23.600 milliards de dollars : la facture d'un divorce industriel entre l'Occident et la Chine

L'essentiel de l'effort incomberait aux États-Unis, avec 13.700 milliards de dollars d'investissements à engager.
MS - REUTERS - Maxim Shemetov

L'essentiel de l'effort incomberait aux États-Unis, avec 13.700 milliards de dollars d'investissements à engager.
MS - REUTERS - Maxim Shemetov
La quête de souveraineté industrielle a un prix. Et il est vertigineux. Selon une analyse d’EY-Parthenon, révélée par le Financial Times, les États-Unis, la zone euro et le Royaume-Uni devraient investir près de 23.600 milliards de dollars (20.694 milliards d'euros) d’ici à 2050 pour reconstruire hors de Chine les capacités industrielles dont ils dépendent aujourd’hui.
L’essentiel de l’effort incomberait aux États-Unis, avec 13.700 milliards de dollars d’investissements à engager. La zone euro devrait, elle, mobiliser 9.100 milliards, contre 800 milliards pour le Royaume-Uni. Au total, le montant nécessaire représente près de 940 milliards de dollars par an pendant un quart de siècle.

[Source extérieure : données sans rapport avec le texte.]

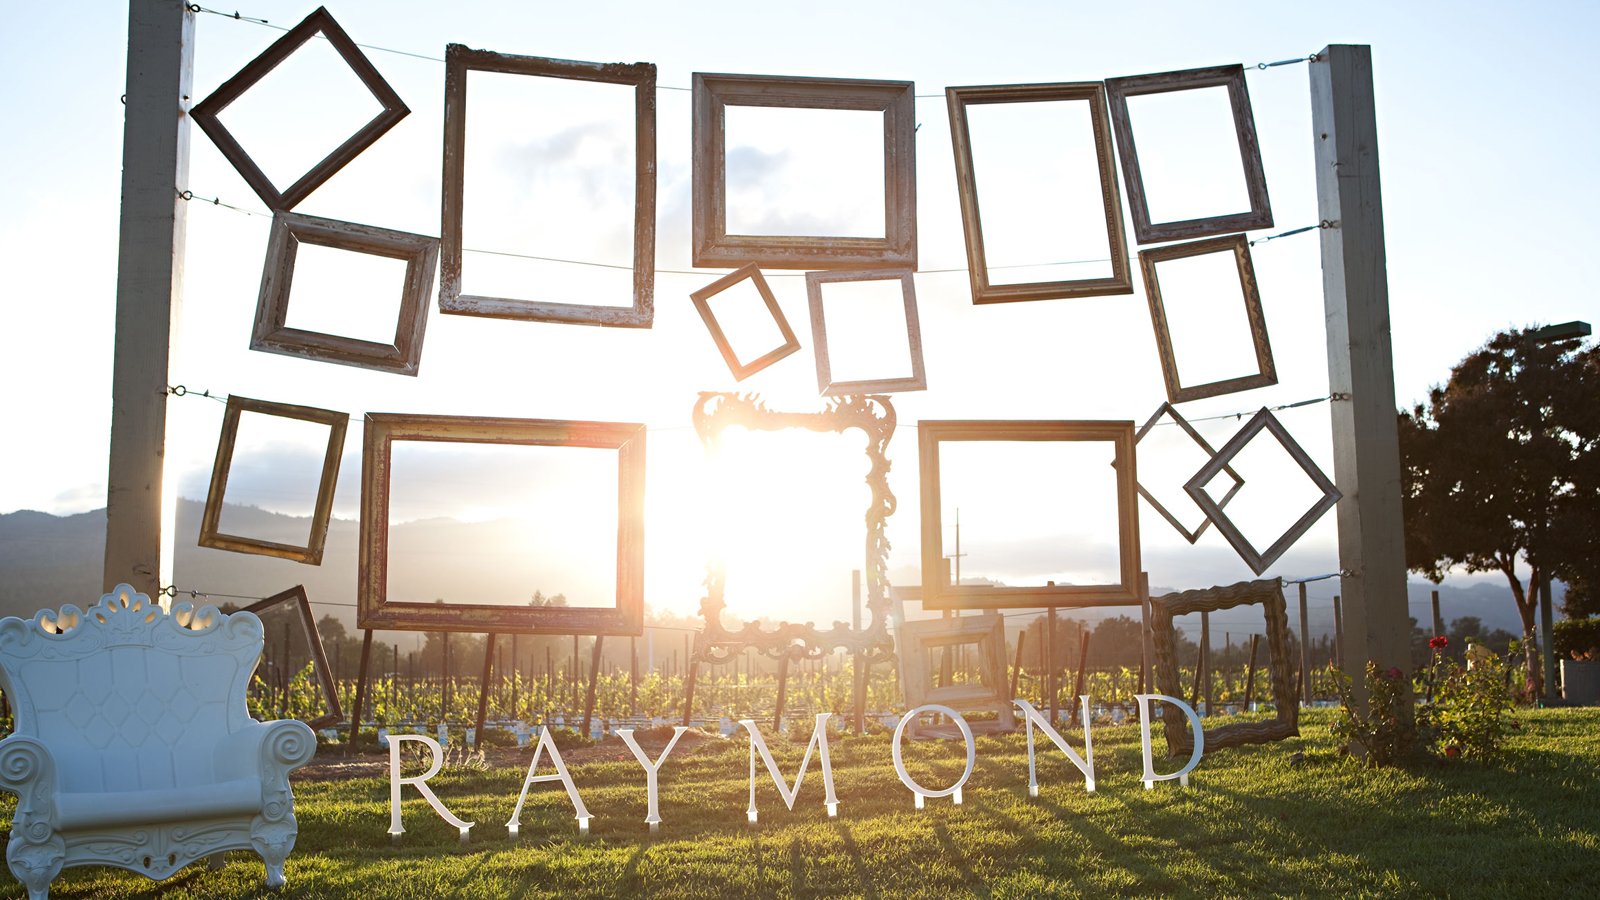 Raymond Vineyards Gallery Boisset Collection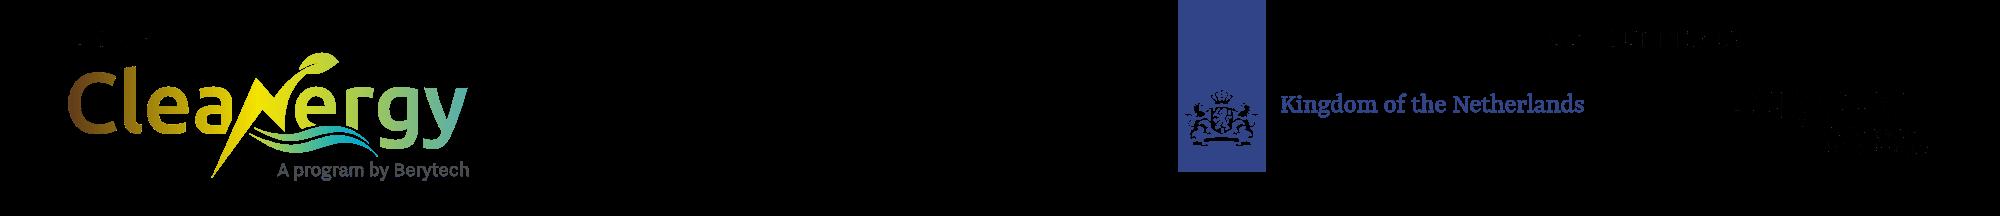 Cleanergy logo strip

Ces chiffres donnent une idée du coût réel d’un « découplage » économique avec la deuxième puissance mondiale, alors que les appels à réduire les dépendances stratégiques se multiplient des deux côtés de l’Atlantique.
Car il ne s’agit pas seulement de relocaliser quelques usines. Reconstituer des chaînes de valeur suppose de reconstruire des écosystèmes industriels complets : réseaux de sous-traitants, infrastructures logistiques, capacités de raffinage et de transformation, accès aux matières premières critiques, compétences et savoir-faire. Autrement dit, recréer en quelques décennies ce que la Chine a patiemment bâti en plus de trente ans pour devenir le cœur de l’industrie manufacturière mondiale.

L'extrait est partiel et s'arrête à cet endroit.